● WHAT YOU HAVE TO DO: All of the data below should be repeated exactly. Pictures should not be included.

● SUPPLIED INFORMATION:
▬▬▬▬▬▬▬▬▬▬
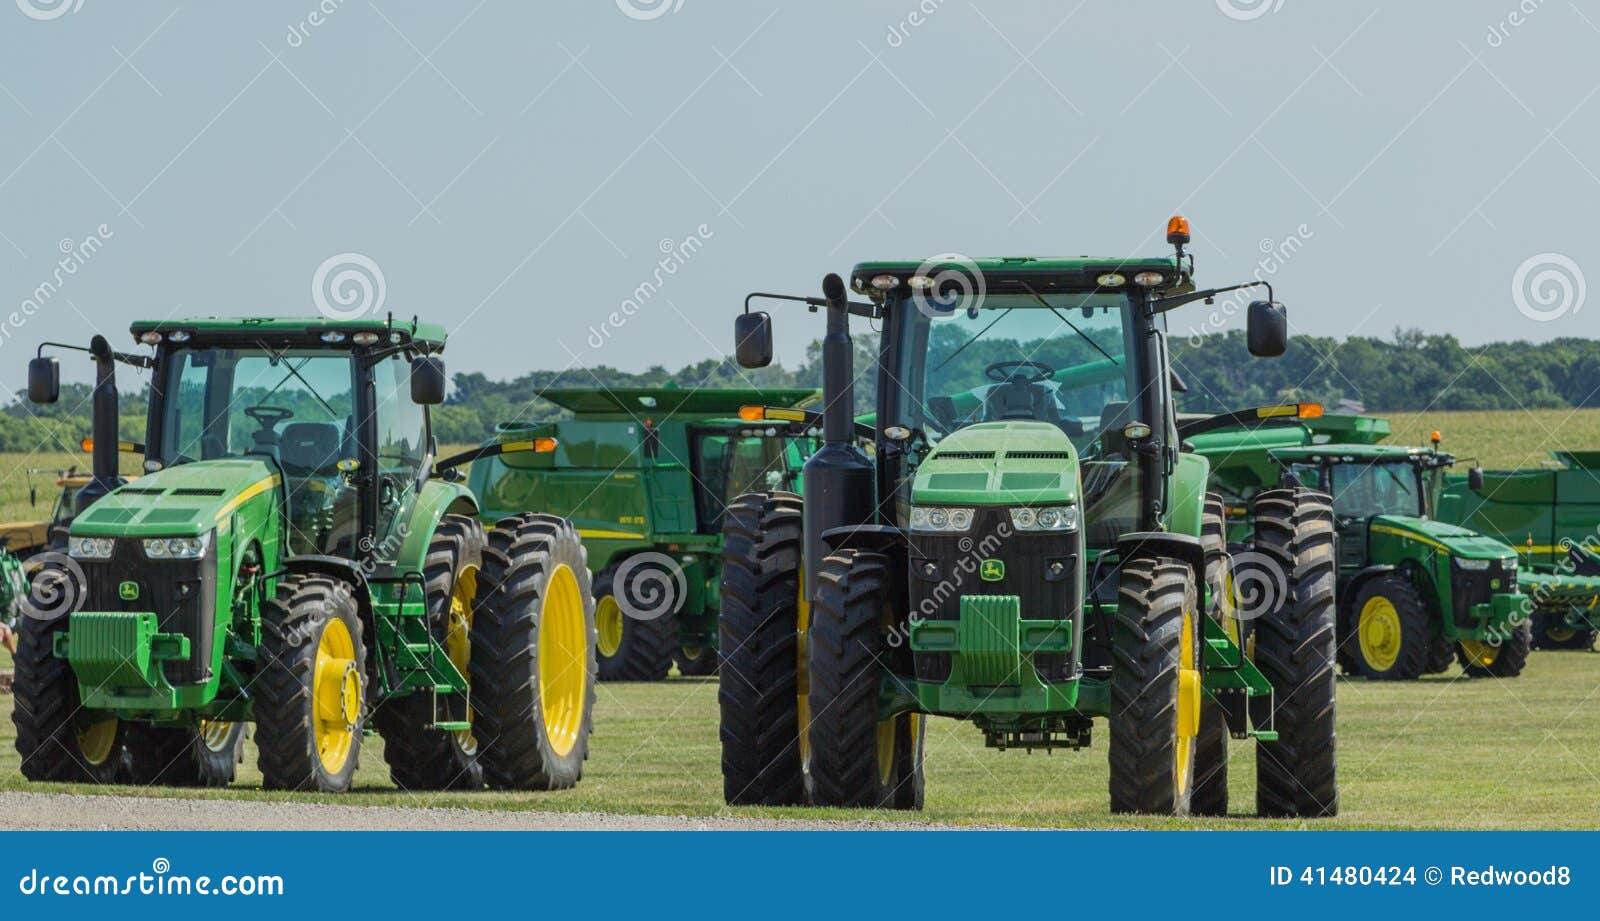 John Deere Farm Tractors. Tratores e equipamento de exploração agrícola de John Deere
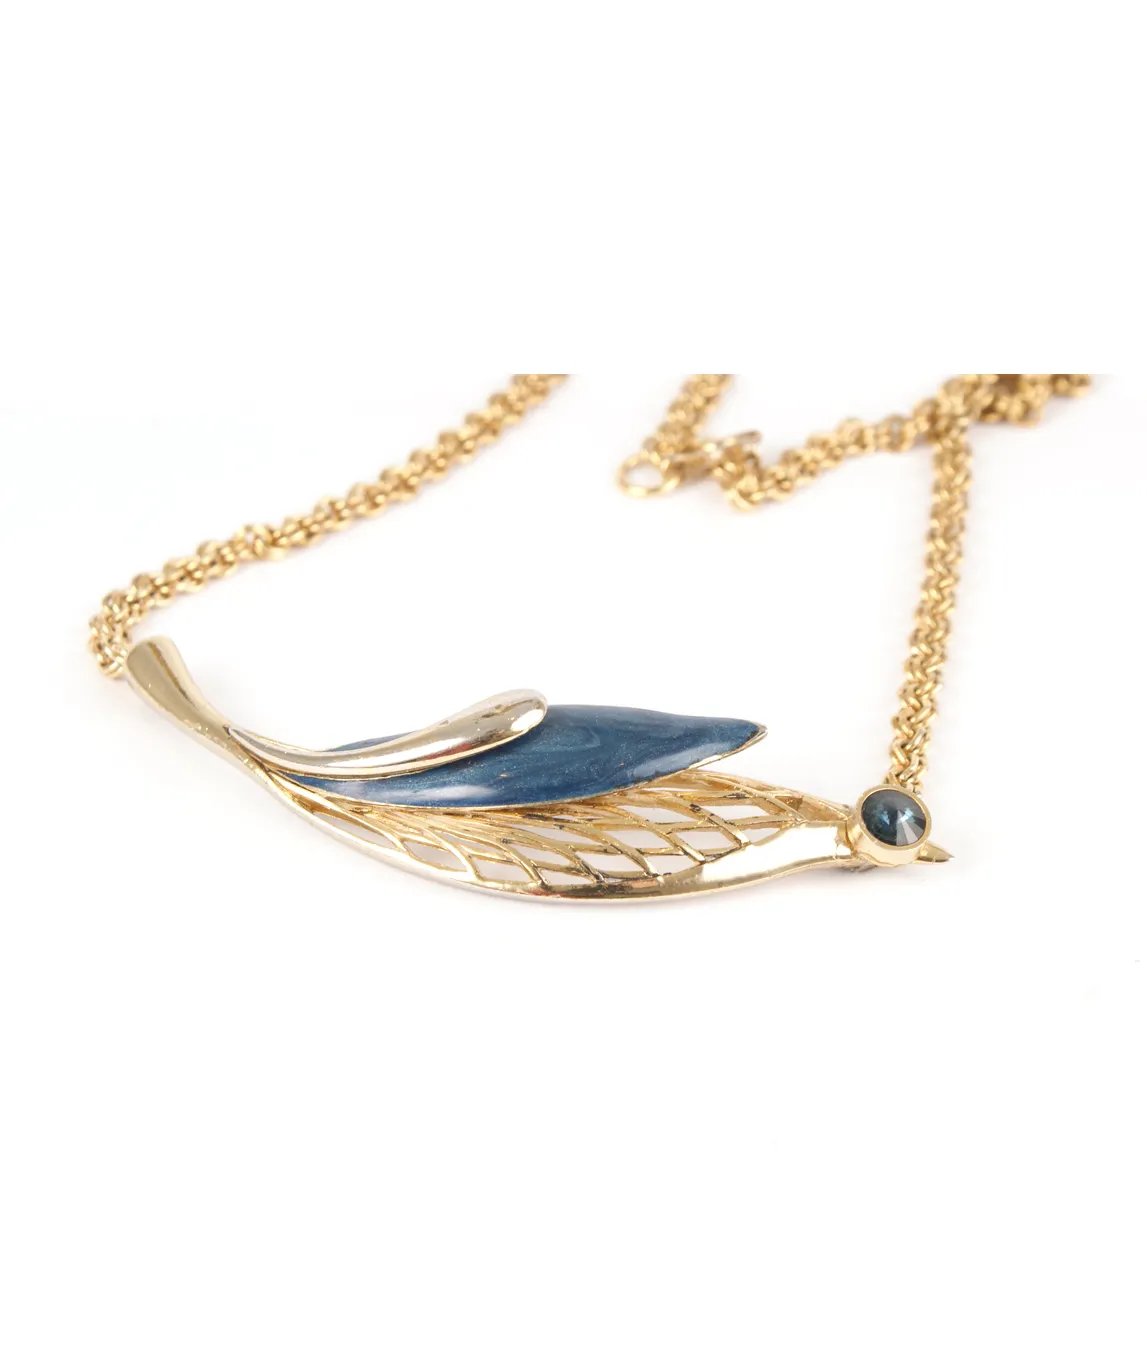 Balenciaga blue and gold necklace
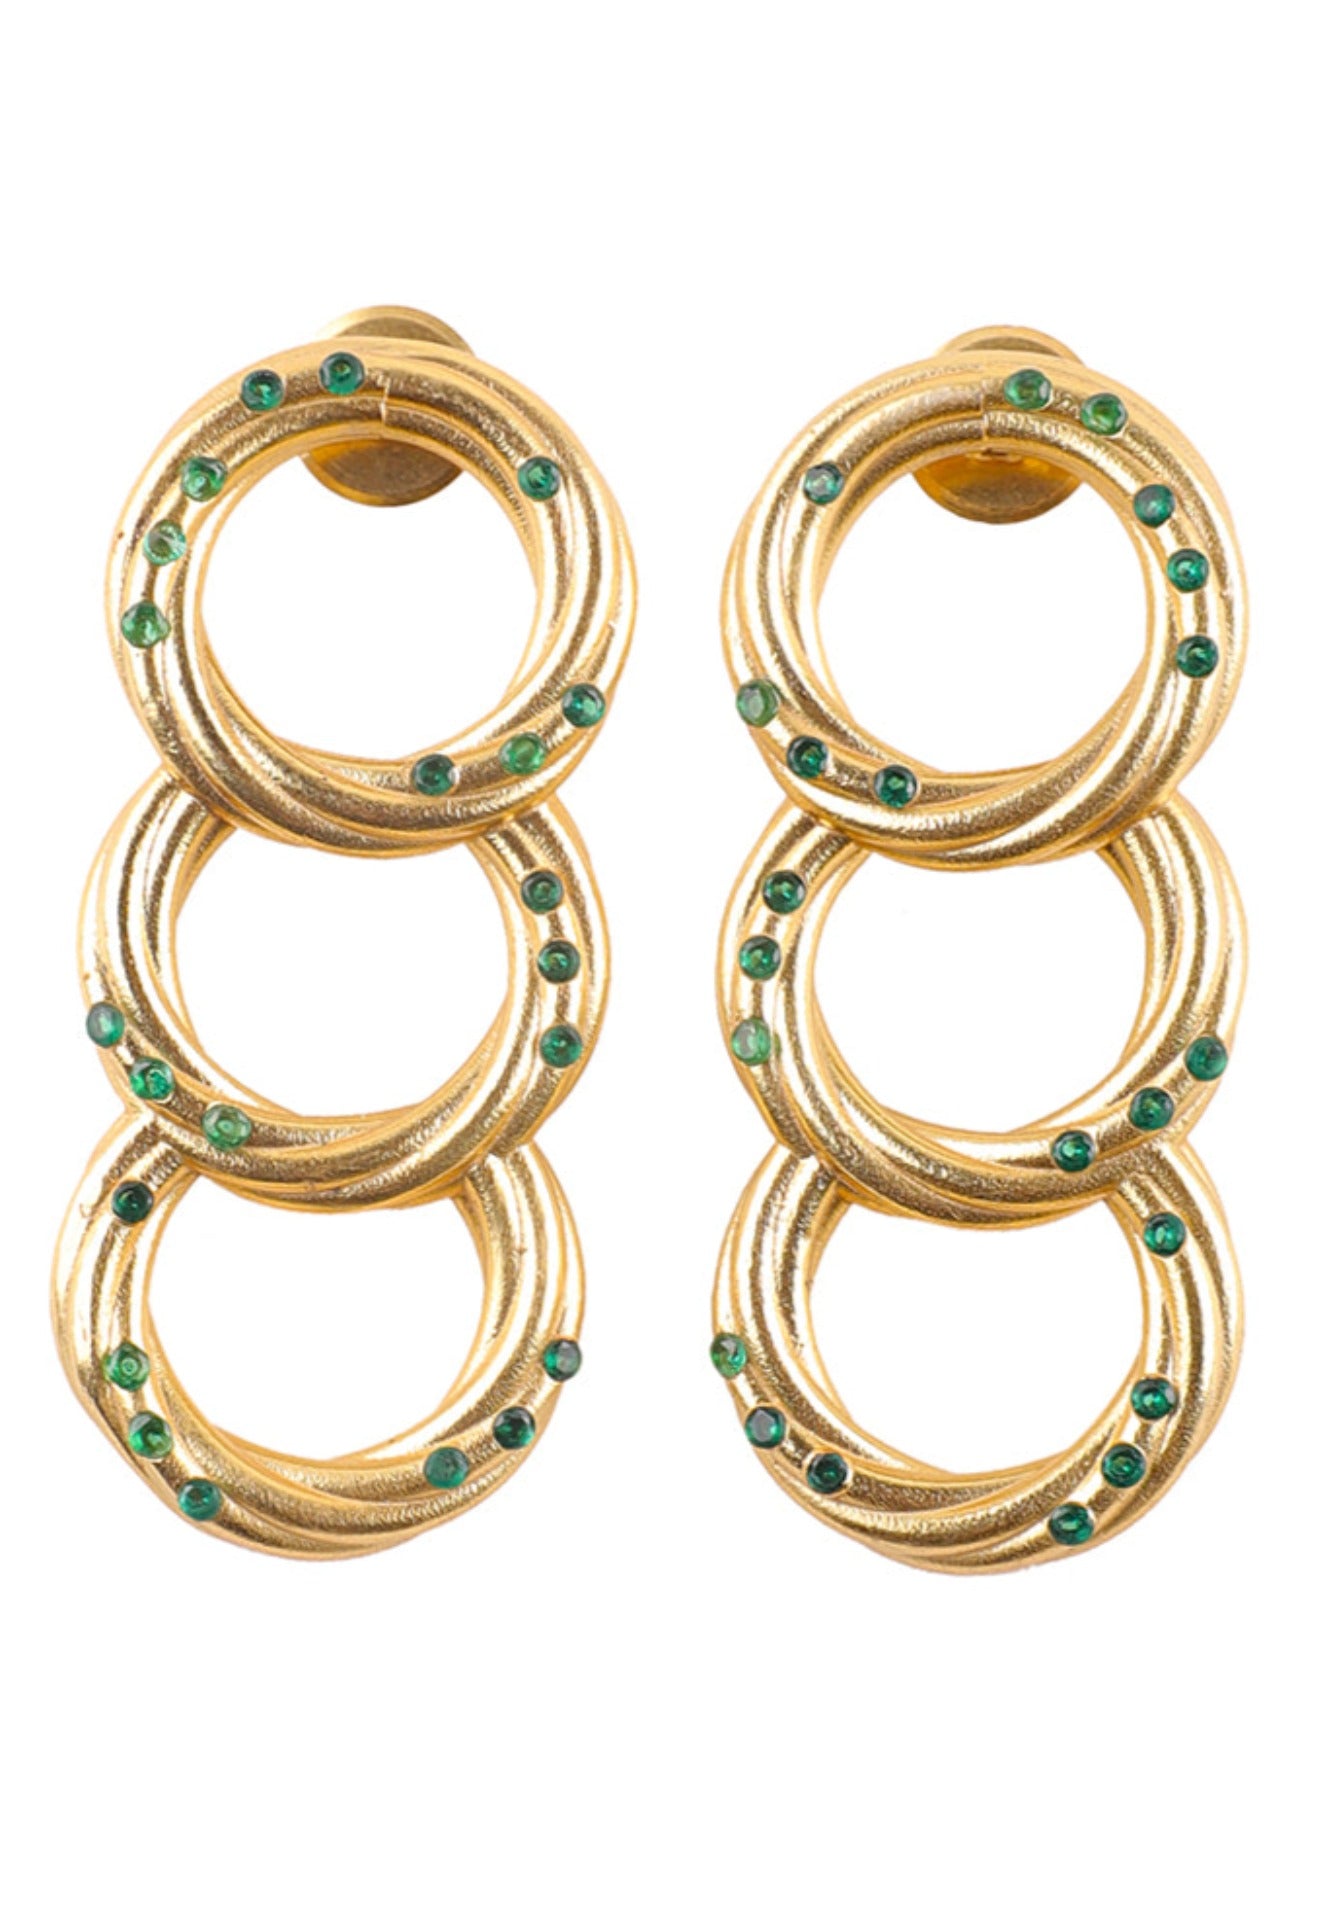 The Emerald Swirl Earrings
▬▬▬▬▬▬▬▬▬▬
● TASK SOLUTION:
 John Deere Farm Tractors. Tratores e equipamento de exploração agrícola de John Deere
 Balenciaga blue and gold necklace
 The Emerald Swirl Earrings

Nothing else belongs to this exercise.